Near the top, our car suddenly stopped. And in no way would it restart. The fuel gauge was checked and it appeared that we had not run out of petrol. A complete mystery. Perhaps the fuel gauge had jammed?
Sylvia and the girls got out and waited by a bank while I fiddled about not really knowing what I was doing. It was my very first car.
Then we saw the Fiat coming up the hill. They saw us there and stopped to see if this time they could help us. Kindness leads to kindness.
Their young children got out and all the children played and the men folk fiddled with “things” in the engine compartment of our Ford. We decided that it must be shortage of fuel. The other couple said they would drive on to Bala, buy us a can of petrol and return with it.
All this took quite some time and then the other young children and our children were getting along fine with each other. Then their children asked to stay with us until their parents returned with the petrol. That seemed OK, so they set off.
We continued playing by the road side and sat on a bank and Nicola told marvellous stories. We found some things for a snack and shared these out. And the time went on and the time went on.
We began to get rather worried. It wasn’t very far to Bala and this couple should have returned by now. Their children weren’t worried which was a very good thing. Soon it was into the afternoon and still no sign of the parents. We began to have serious doubts. Had these kids been abandoned? Had the parents had a serious accident and the authorities had no knowledge that their children were with a strange family (names unknown)? Should I leave Sylvia and all the children and walk on to Bala? What to do when it got dark?
There was hardly any vehicles on the road and all was very remote. Then a car came up the slope and the driver stopped to see what we were doing there. The driver, a man, got out and we said that we seemed to have run out of fuel and then explained about the other couple and their children.

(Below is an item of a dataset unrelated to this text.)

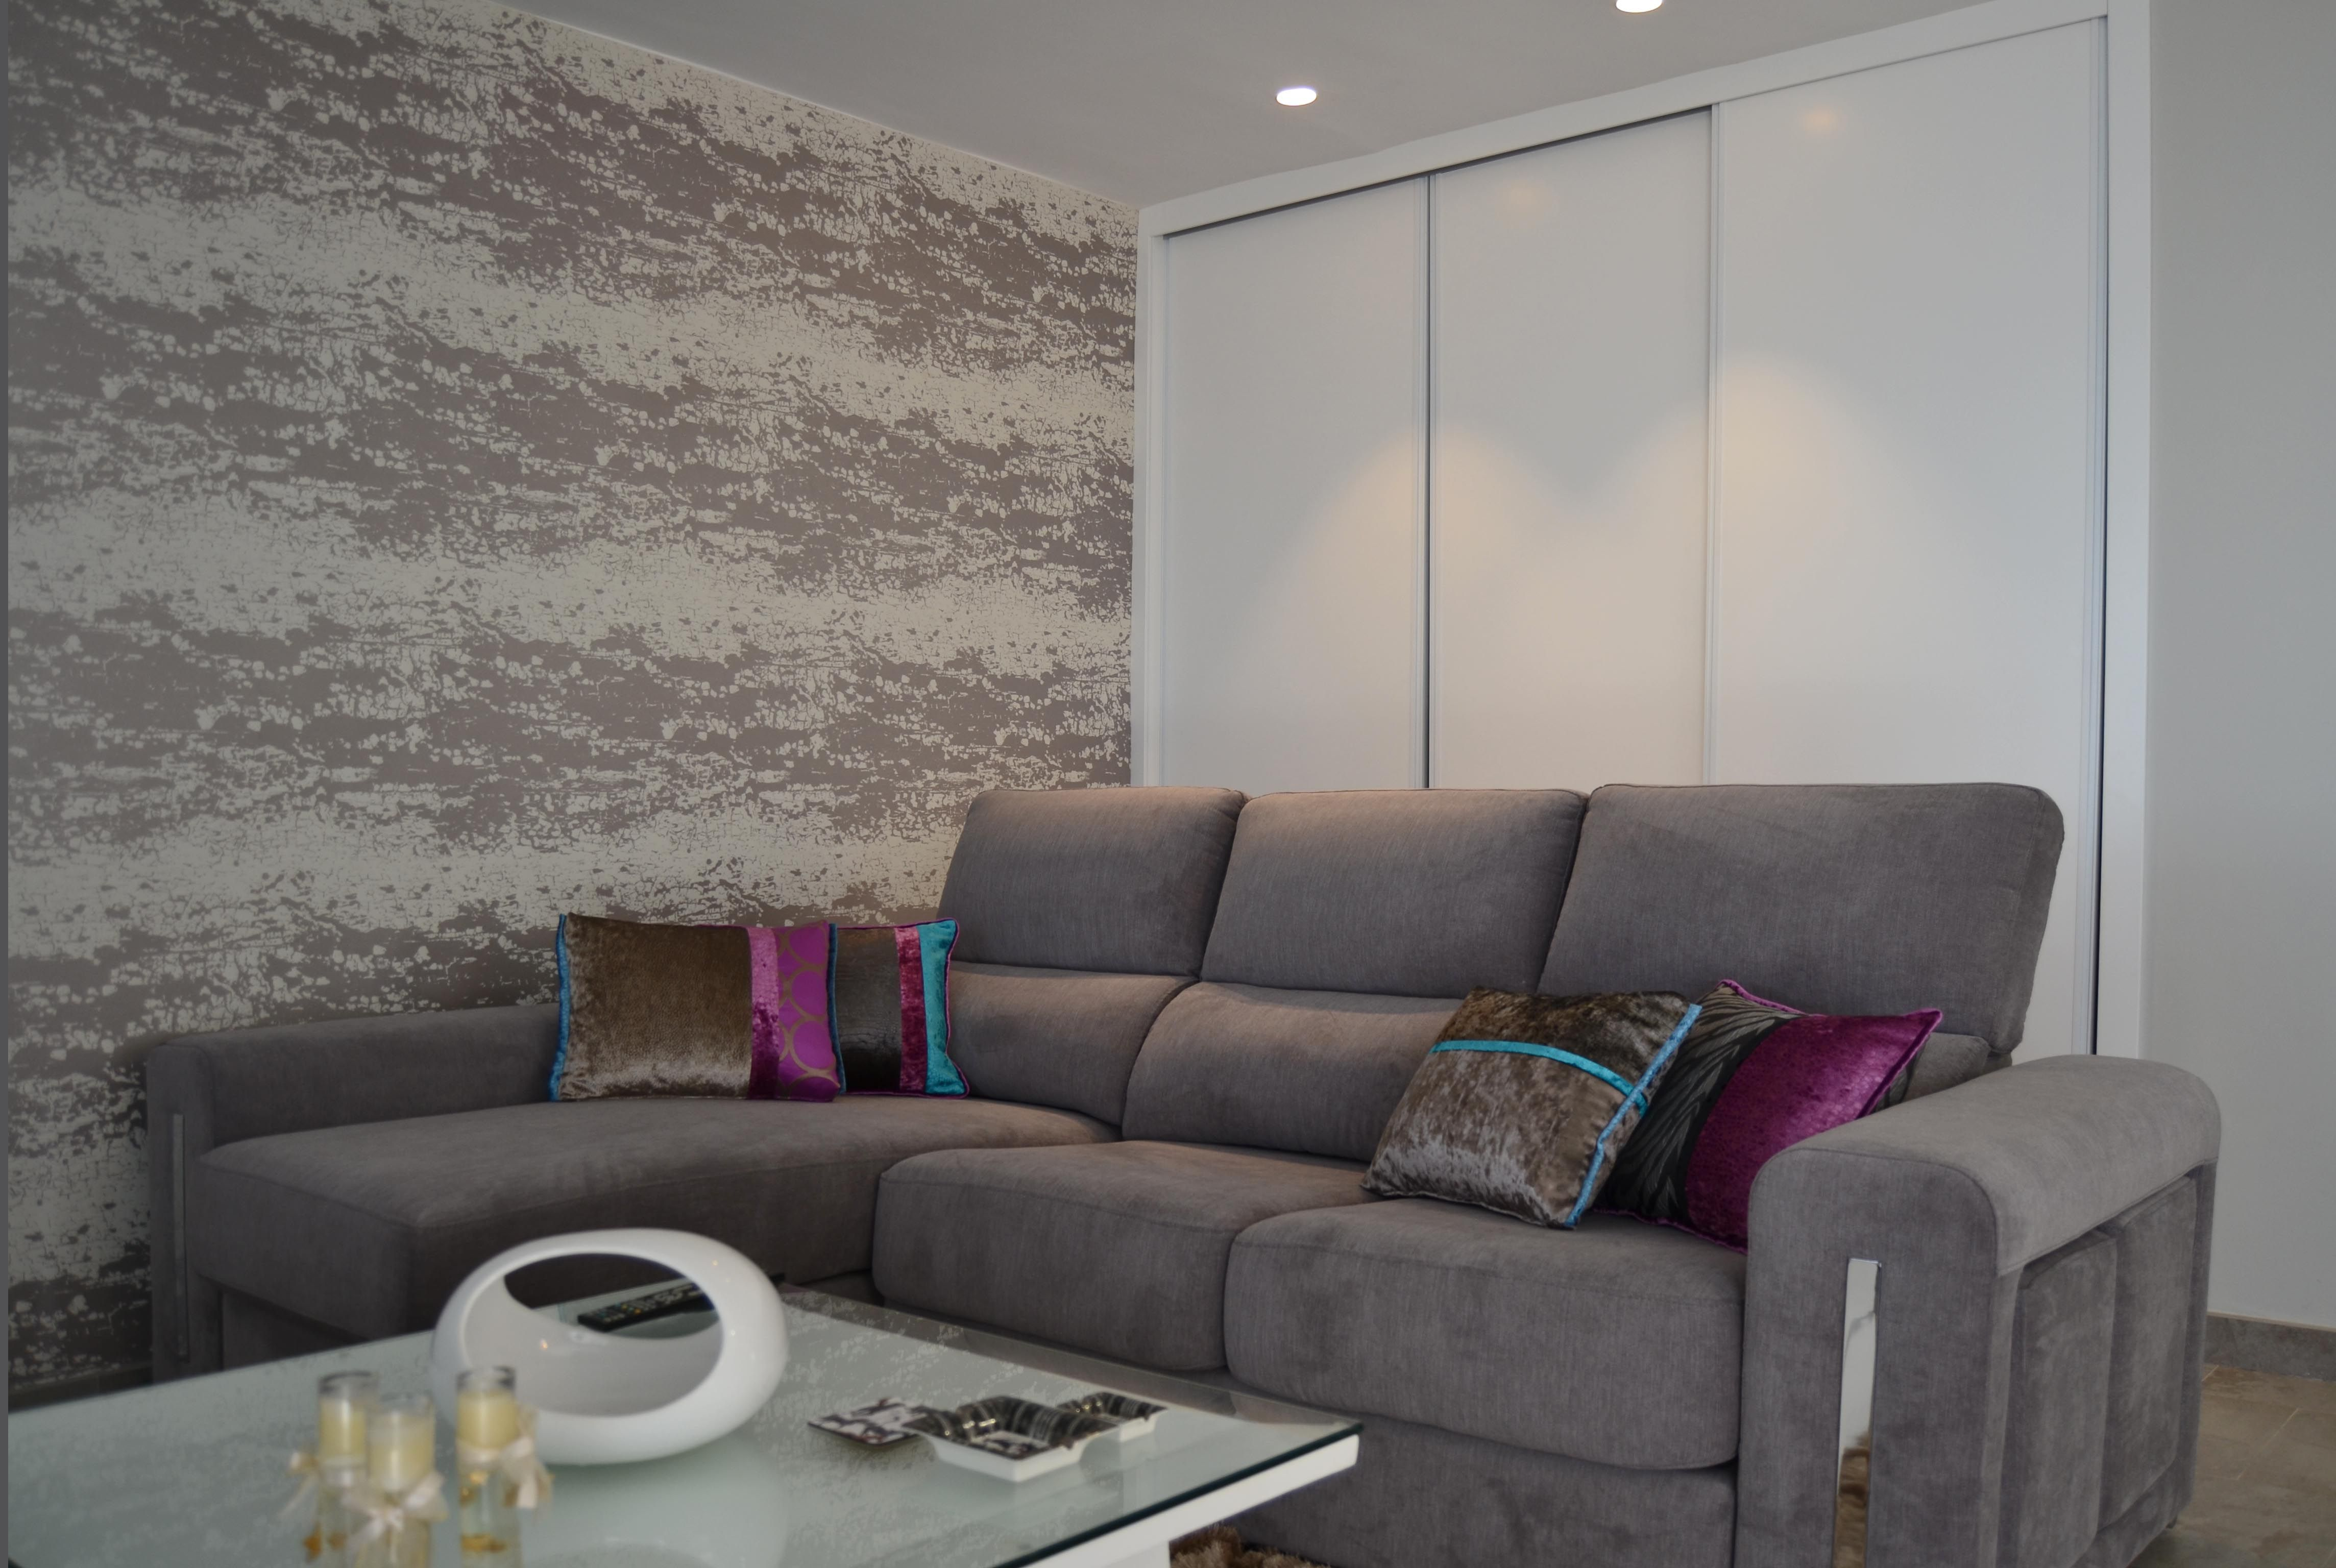 Un sofá chaise longue con cojines de distintas texturas y colores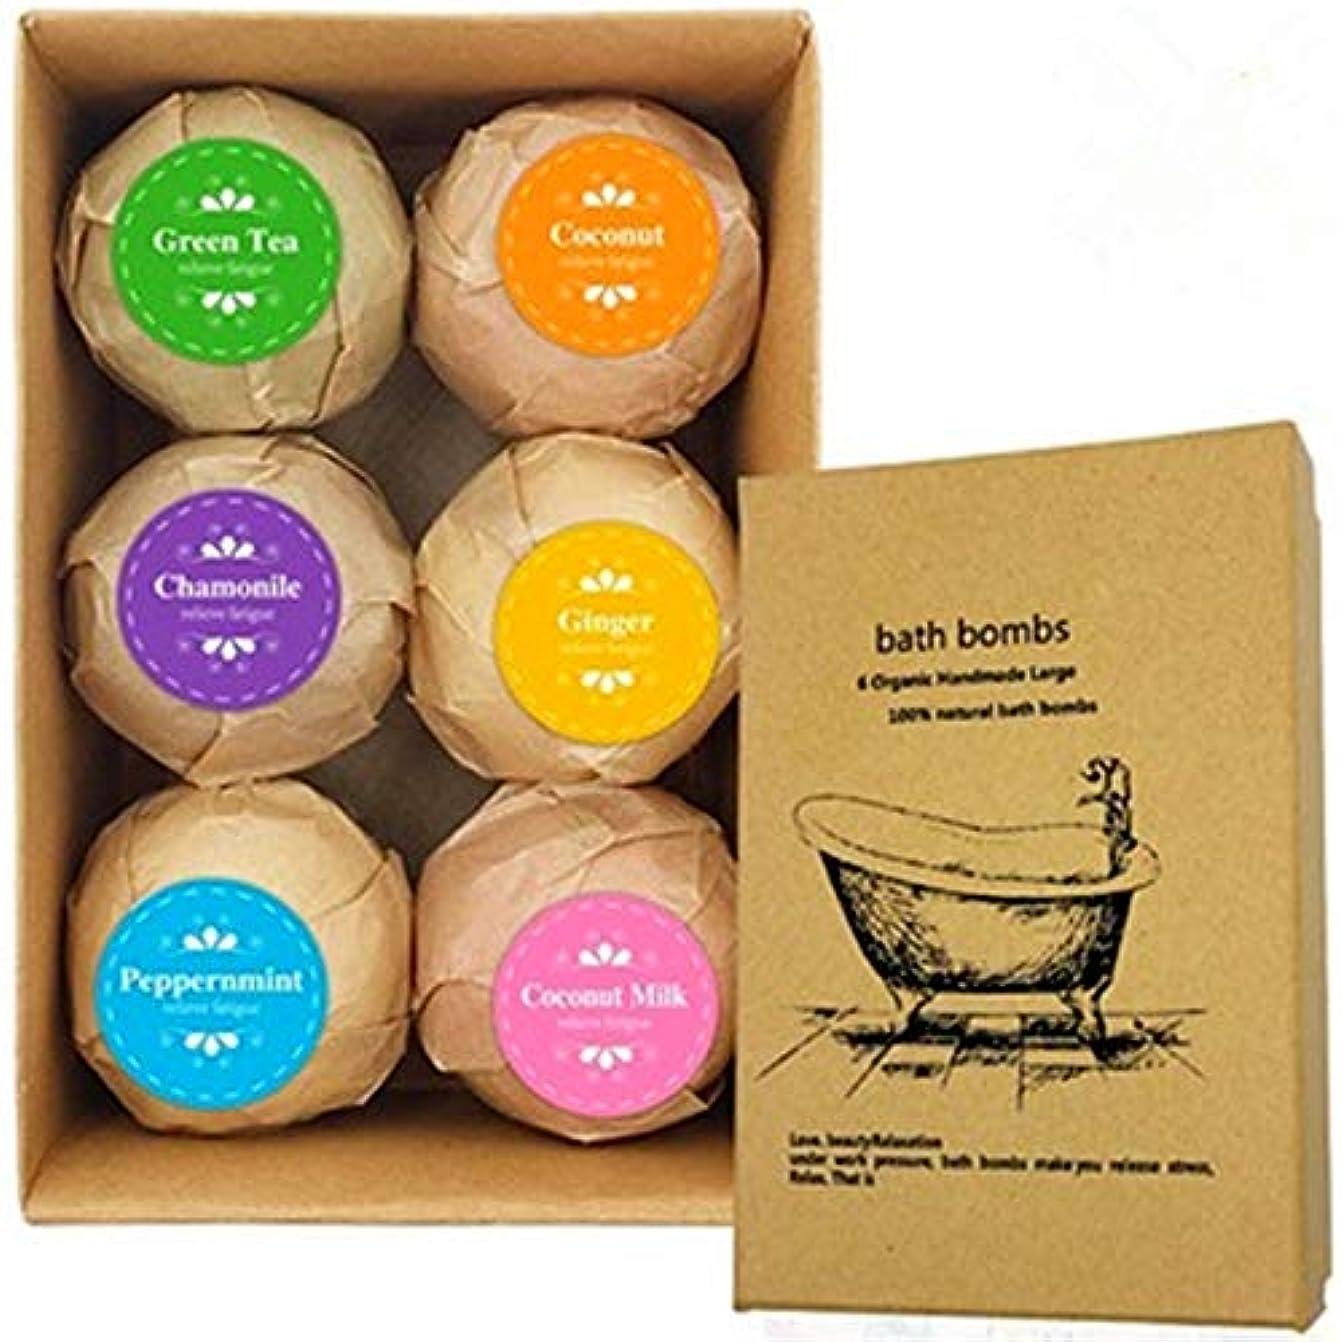 マトリックス調和のとれた人工バスボム 入浴剤 炭酸 バスボール 6つの香り 手作り 入浴料 うるおいプラス お風呂用 入浴剤 ギフトセット6枚 贈り物 プレゼント最適

He said that he always carried a can of petrol in his car and offered to sell the petrol to us. We accepted this offer and the petrol was poured into the tank of our Ford. The engine was turned over several times and it started. Glory be! Perhaps the problem was with the mechanical fuel pump that was operated by the engine and that long slow drive had not pumped enough fuel.
The man drove on saying that he would report our problem to the police in Bala.
The bank by the roadside where we stopped. Looking back down the slope.
Now what should we do? All pile into the car and drive on hoping that if the other couple were coming to us we would see them on the road? But then if we got to Bala we might miss them in the town and then when they returned to that roadside spot they would find that their children and us had gone. Would we be accused of kidnapping?
Decision made. I would drive on looking out for that Fiat coming towards me. Sylvia would stay with our car and all the children.
I went on and about two or three miles ahead I saw the Fiat by the roadside. There was another car with it. Oh what a sad tale I heard. They had got this far when their tyre was too flat to safely drive any further. Their spare wheel was for some reason in their home garage back in Chester. The man walked on into Bala to find a public phone. He phoned his neighbours who got the spare wheel and drove from Chester with it. However it turned out to be the wrong wheel and would fit not on the Fiat.
The neighbour drove all the way back to Chester and returned with the correct wheel and they were just about to fit it on. I helped and then we all drove back to find Sylvia and the kids.
By now it was rather late into the afternoon and so we abandoned all ideas of going on and started off back to Harlech.
Thus this incident is well remember as the trip to Bala that didn’t get there.
We never exchanged names and we often wondered whether that other family got back home safely.
And what kind neighbours they had.
The green cross is where I found the other couple. By the side of Llyn Celyn.